Au printemps et à l’automne, le radis aime le plein soleil, qui accélère sa croissance et concentre les sucres dans la racine, lui donnant tout son croquant. Réservez-lui la place la plus dégagée du potager pour les semis de mars à mai, puis de nouveau de fin août à octobre, quand la lumière reste franche sans excès de chaleur.

En plein été, c’est l’inverse qui se produit, et la cause est plus subtile qu’un simple excès de soleil. Le radis est sensible à la photopériode : au-delà d’environ quatorze heures de jour, combinées à des températures moyennes supérieures à 25 degrés, il reçoit un signal qui déclenche la montée à graines, quelle que soit la taille de sa racine. Beaucoup de débutants croient qu’il suffit d’ombrager pour éviter ce problème, alors que c’est surtout la baisse de température apportée par l’ombre qui retarde la montaison, bien plus que la réduction de lumière.

Entre juin et août, choisissez un emplacement à mi-ombre, ou profitez de l’ombre légère d’un rang de haricots ou de tomates déjà hauts. Une exposition orientée à l’est, avec du soleil le matin et de l’ombre l’après-midi, limite l’échauffement du sol sans priver le radis de la lumière nécessaire à sa racine.

Arrosage

L’eau est la clé d’un bon radis, davantage encore que pour la plupart des légumes racines, car sa croissance est trop rapide pour rattraper un accident d’arrosage en cours de route. Comptez environ cinq litres par mètre carré et par semaine au printemps et à l’automne, et deux à trois fois plus, soit dix à quinze litres, pendant les fortes chaleurs de l’été, répartis en deux ou trois apports plutôt qu’en un seul arrosage copieux.

Un manque d’eau ou une culture qui traîne rend le radis creux, fibreux et fort en piquant. Mais l’erreur la plus fréquente chez le débutant n’est pas le manque d’eau en soi, c’est l’irrégularité : un sol qui sèche plusieurs jours puis reçoit soudain un arrosage abondant fait éclater et fendiller les racines déjà formées, bien plus sûrement qu’une sécheresse modérée mais constante. Un binage superficiel après chaque pluie limite aussi l’évaporation.

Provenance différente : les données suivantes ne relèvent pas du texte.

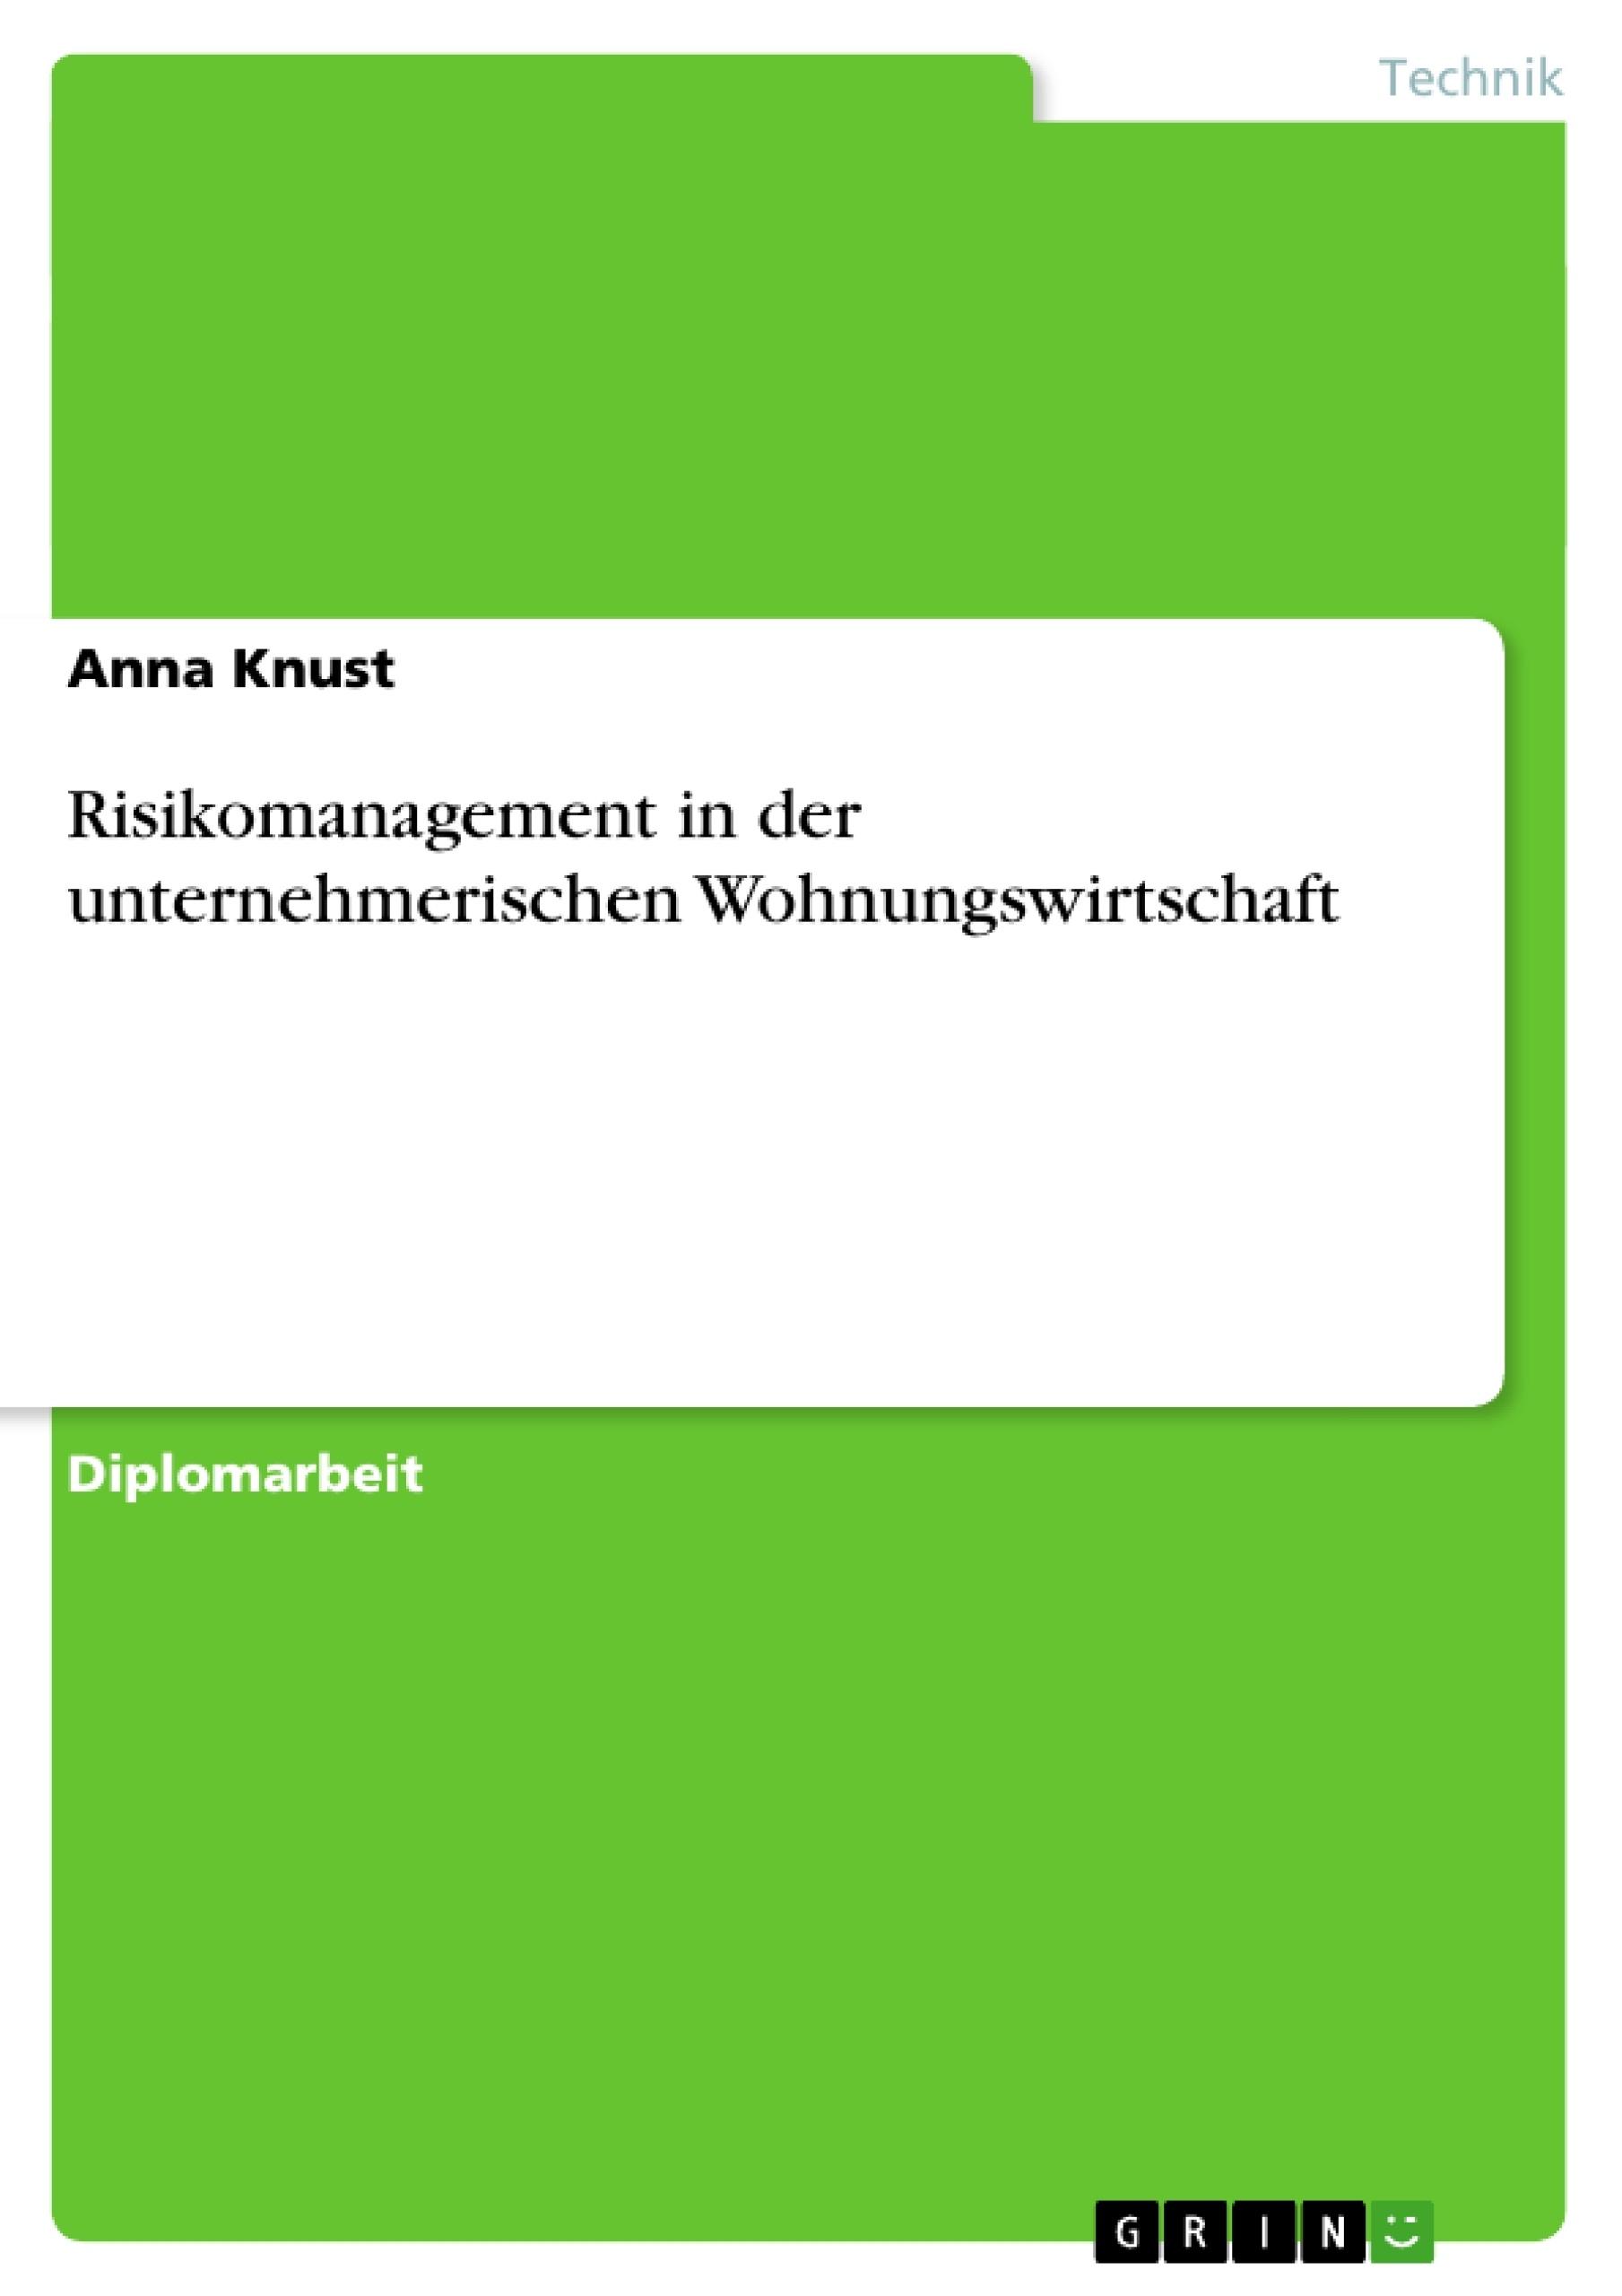 Titel: Risikomanagement in der unternehmerischen Wohnungswirtschaft

Un paillis léger de deux à cinq centimètres, tontes séchées ou paille fine, posé après la levée, aide à garder cette régularité en été sans multiplier les arrosages. Un semis bien arrosé et sans interruption est prêt en un mois, c’est tout le secret.

Sol et rempotage

Le radis se plaît dans une terre légère, meuble et fraîche, ni trop riche ni trop caillouteuse. Un pH compris entre 6 et 7 lui convient le mieux ; il tolère un sol légèrement acide jusqu’à 5,5, mais végète en terre trop calcaire, qui donne des racines dures et fibreuses. Un sol trop fumé favorise le feuillage au détriment de la racine, un simple coup de griffe et un ratissage fin avant le semis suffisent le plus souvent.

En terre lourde ou caillouteuse, les racines se déforment et fourchent au moindre obstacle rencontré en poussant. Un peu de compost bien mûr et de sable pour alléger améliore nettement la forme et la régularité des radis ; évitez en revanche le fumier frais ou le compost mal décomposé, qui brûlent les jeunes racines et provoquent des fourches disgracieuses.

Comme toutes les Brassicacées, le radis ne devrait pas revenir sur la même planche avant quatre à cinq ans. Cette rotation limite le risque de hernie du chou, une maladie fongique qui peut persister plus de dix ans dans le sol une fois installée, bien au-delà de la durée d’une seule culture de radis.

Température et humidité

Le radis est rustique et supporte le frais bien mieux que la chaleur. Ses graines germent dès que le sol atteint 5 à 8 degrés, mais lentement, en dix à quinze jours ; au-dessus de 15 à 20 degrés, la levée est nette et rapide, trois à quatre jours seulement. Les jeunes plants tolèrent ensuite de petites gelées, jusqu’à moins deux ou moins trois degrés environ, sans dommage sérieux, ce qui autorise des semis très précoces sous notre climat.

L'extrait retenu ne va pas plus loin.